As if that resume wasn’t bad enough, he also has the stinky cherry on top, which came in his first playoff appearance during his breakout season—the one that really set the tone for the rest of his career.
Of course, we are talking about —that botched snap against Seattle in the 2006 Wild Card game—the one that is forever seared into Cowboys fans’ memories.
Throughout his career, Romo had moments where he kept Dallas in games, but he could never find the strength to get them over the hump—and with such a low nadir and high expectations, it only feels right to start this list with him.
Chad Pennington
While some bitter Jets fans might not admit it, there were a lot of good things about Chad Pennington as a football player… Let’s call a spade a spade— Pennington had the heart of a warrior.

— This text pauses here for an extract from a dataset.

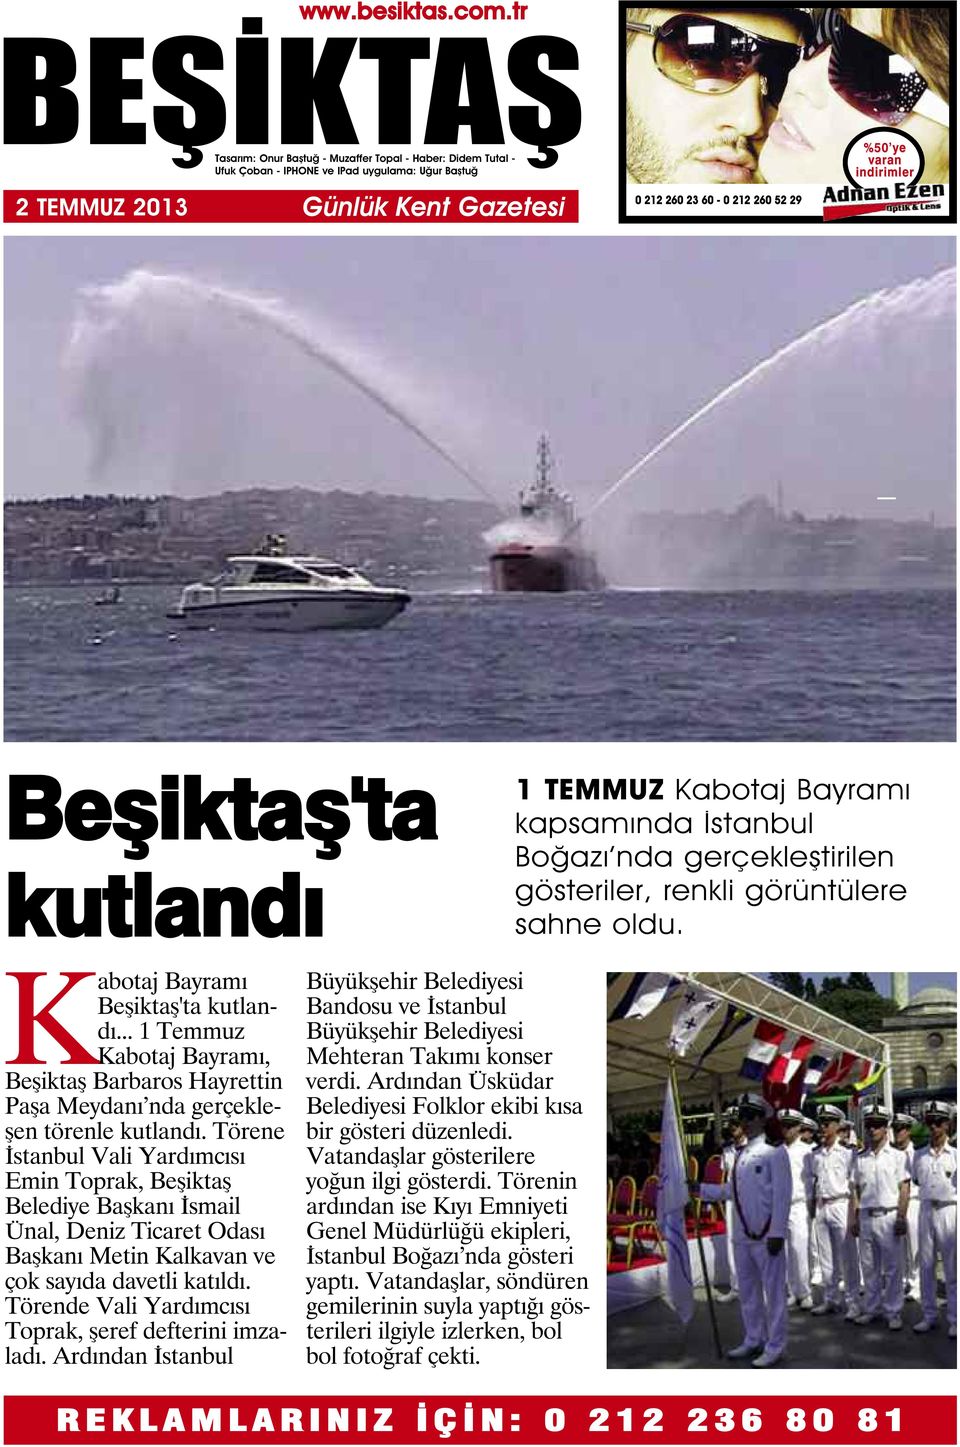 Törene İstanbul Vali Yardımcısı Emin Toprak, Beşiktaş Belediye Başkanı İsmail Ünal, Deniz Ticaret Odası Başkanı Metin Kalkavan ve çok sayıda davetli katıldı.

The only problem was that he didn’t quite have the arm strength to match it.
He was all heart, akin to a Rudy gone pro, twice earning NFL Comeback Player of the Year after grueling injuries to put up some really solid regular season numbers during his career… and to win a lot of games. But when the calendar flipped to January, his underdog charm ran out and his production bottomed out.
Six playoff games, only two wins. Eight touchdowns, eight interceptions. And let’s not forget the way he’d fade as the stakes got higher—like in 2006 against the Patriots when his Jets were thoroughly dismantled, or in 2008 with the Dolphins, his final NFL postseason appearance when he surrendered four interceptions, and they got embarrassed by Baltimore. Pennington was gritty, sure, but playoff success always seemed to evade him.
Rex Grossman
Oh, Rex Grossman. The quarterback who somehow rode the Bears’ defense all the way to the Super Bowl in 2006 while doing everything in his power to derail them along the way.
The defense that year was special… if they’d had even a halfway decent signal caller the Lombardi Trophy would’ve landed in the Windy City for sure.
But Grossman saw to it that Bears fan’s misery continued!
Grossman’s playoff stats read like a horror story for Chicago fans. Five interceptions in four games, a passer rating that could barely find its way out of the ’60s, and a knack for crumbling in big moments.
His NFL postseason lowlight reel peaked in Super Bowl XLI against the Colts, where he fumbled a snap, threw two killer interceptions, and looked entirely out of his league.
Chicago’s defense and special teams dragged him to that Super Bowl. Grossman just happened to be along for the ride, and when it came down to it—he ruined it for the rest of his teammates.
Andy Dalton
“The Red Rifle” was a gunslinger during the regular season with all those offensive weapons on the early 2010s Bengals, but come playoff time, Andy Dalton might as well have been firing blanks… A truth that the heartbroken Bengals fans know all too well.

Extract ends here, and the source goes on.